Objection 3, "Modern process theology rejects privation as too negative, evil is real and positive."

Response. Process theology (Whitehead, Hartshorne; some Open Theism) substitutes a different metaphysical frame in which God is not classical-theist (not omnipotent, not impassible, etc.). The privation theory belongs to classical theism; if classical theism is rejected, privation is rejected with it. This is a coherence-of-frame issue: the privation theory is coherent within and is required by classical theism. Process theology engages the same problem with different metaphysical commitments and arrives at different answers; the comparison is between systems, not within one.

Objection 4, "Privation theory makes Satan / demonic evil incoherent, Satan is supposed to be a positive person, not an absence."
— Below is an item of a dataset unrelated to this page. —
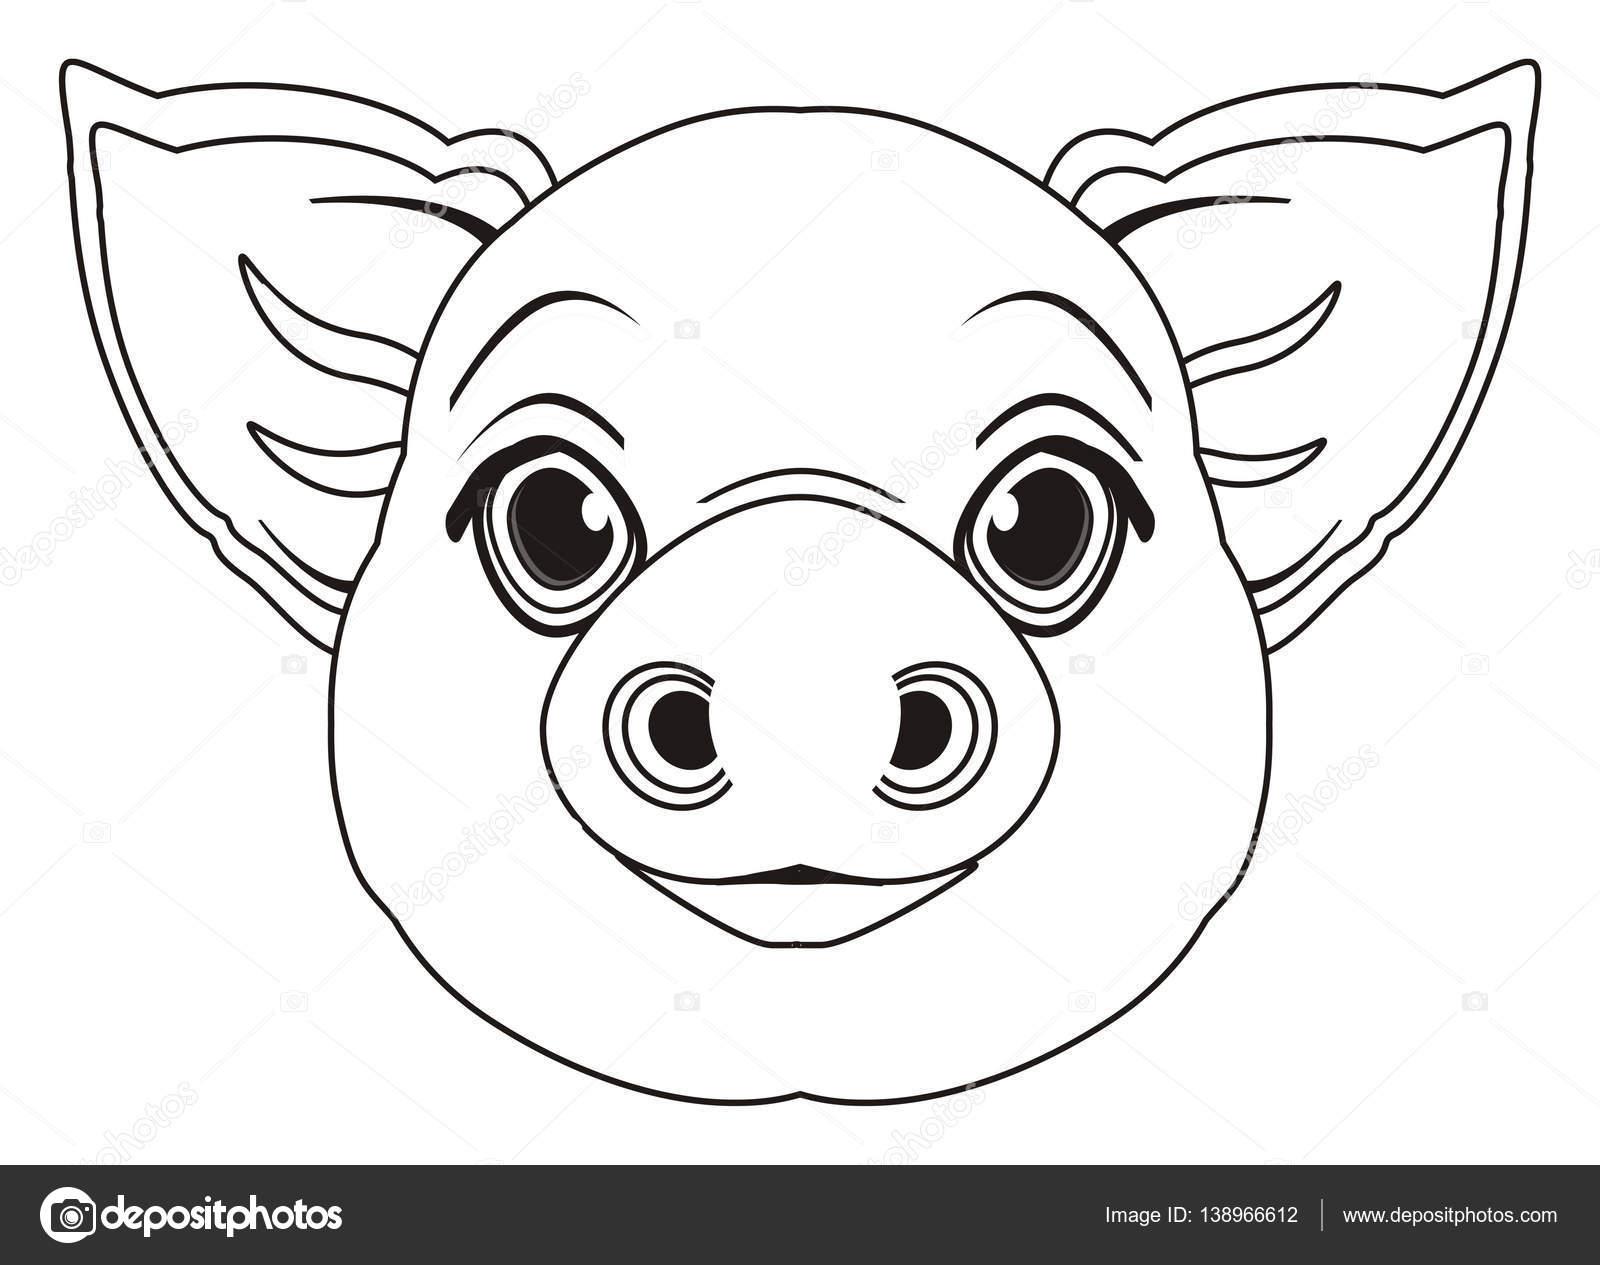 Malvorlagen Gesicht des Schweins — Stockfoto © tatty77tatty #138966612
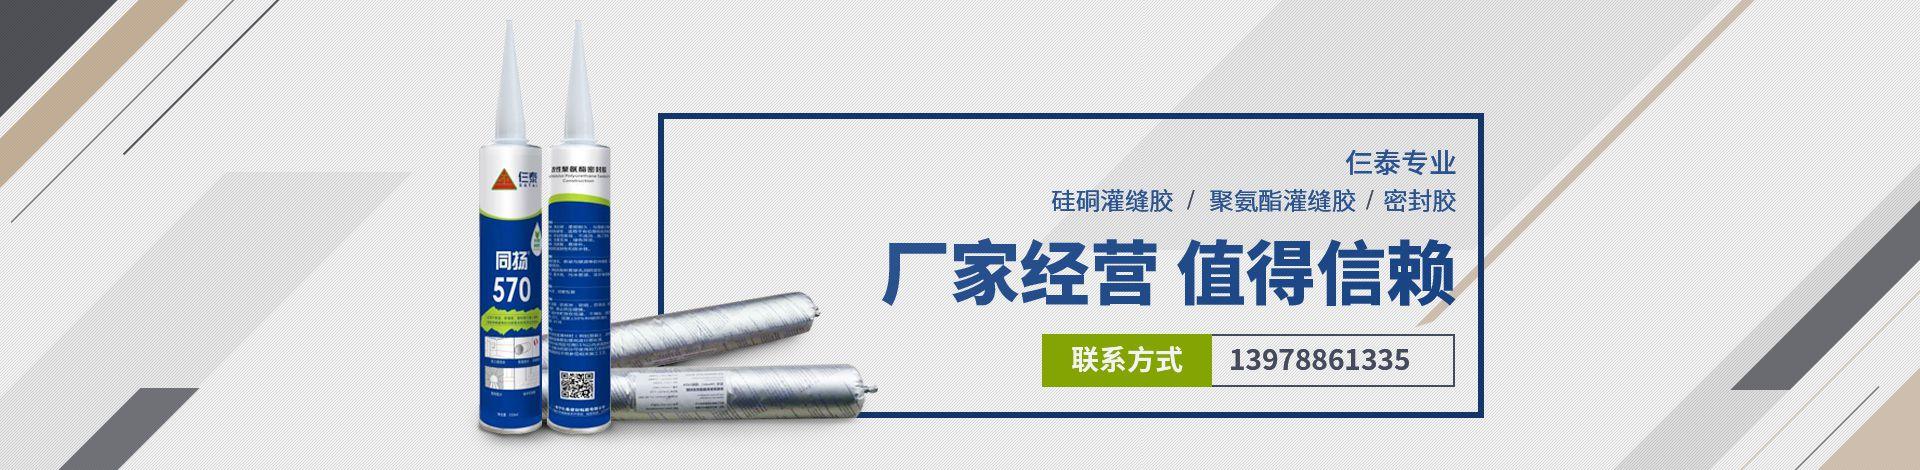 广西仨泰密封粘胶有限公司

Response. Satan-as-fallen-angel is a good created being (as angel) whose exercise of will is privative (rebellion-against-due-alignment-with-God). The angel-as-being is positively good; the angel's evil is the privation in the will. This is exactly the per-accidens / per-se distinction applied to the demonic case. Satan exists; Satan's evil is the privation in Satan, not a substance Satan is.

Connection to scripture

  • Genesis 1.31, "God saw all that He had made, and behold, it was very good." Positive-creation anchor.
  • 1 John 1.5, "God is light, and in Him there is no darkness at all." Privation anchor: darkness as absence-of-light, evil as absence-of-good.
  • Isaiah 45.7, raʿ as judgment / disaster, not moral-evil-as-substance.
  • Romans 3:23, "all have sinned and fall short (hysterountai) of the glory of God." The Greek hysterountai is the verb for falling-short / lacking, privation language.
  • Romans 5:12, sin and death entered the world through one man; the entry is via deficient-creaturely-act, not via divine creation of new substance.
  • Ephesians 2:10, created in Christ Jesus for good works, restoration to due-good frame.

Patristic / scholarly note

  • Augustine, Confessions VII.12-13; De Civitate Dei XI-XIV; Enchiridion 11-12, the canonical patristic anchor.
  • Aquinas, Summa Theologiae I q.48-49; Summa Contra Gentiles III.7-15, the canonical scholastic formalization.
  • Boethius, Consolation of Philosophy IV.2-3, privation as ontological reduction.
  • Pseudo-Dionysius, Divine Names IV.18-35, Neoplatonic-Christian articulation.
  • John of Damascus, On the Orthodox Faith II.30, IV.20, Eastern-Orthodox systematics.
  • Calvin, Institutes I.14.16, II.1.4, Reformed continuity.
  • Karl Barth, Church Dogmatics III/3 §50, modern engagement on das Nichtige.
  • Modern philosophy of religion: Eleonore Stump, Wandering in Darkness (2010); Michael Dodds, The Unchanging God of Love (2008); Brian Davies, The Reality of God and the Problem of Evil (2006); Edward Feser, Aquinas (2009) ch. 4.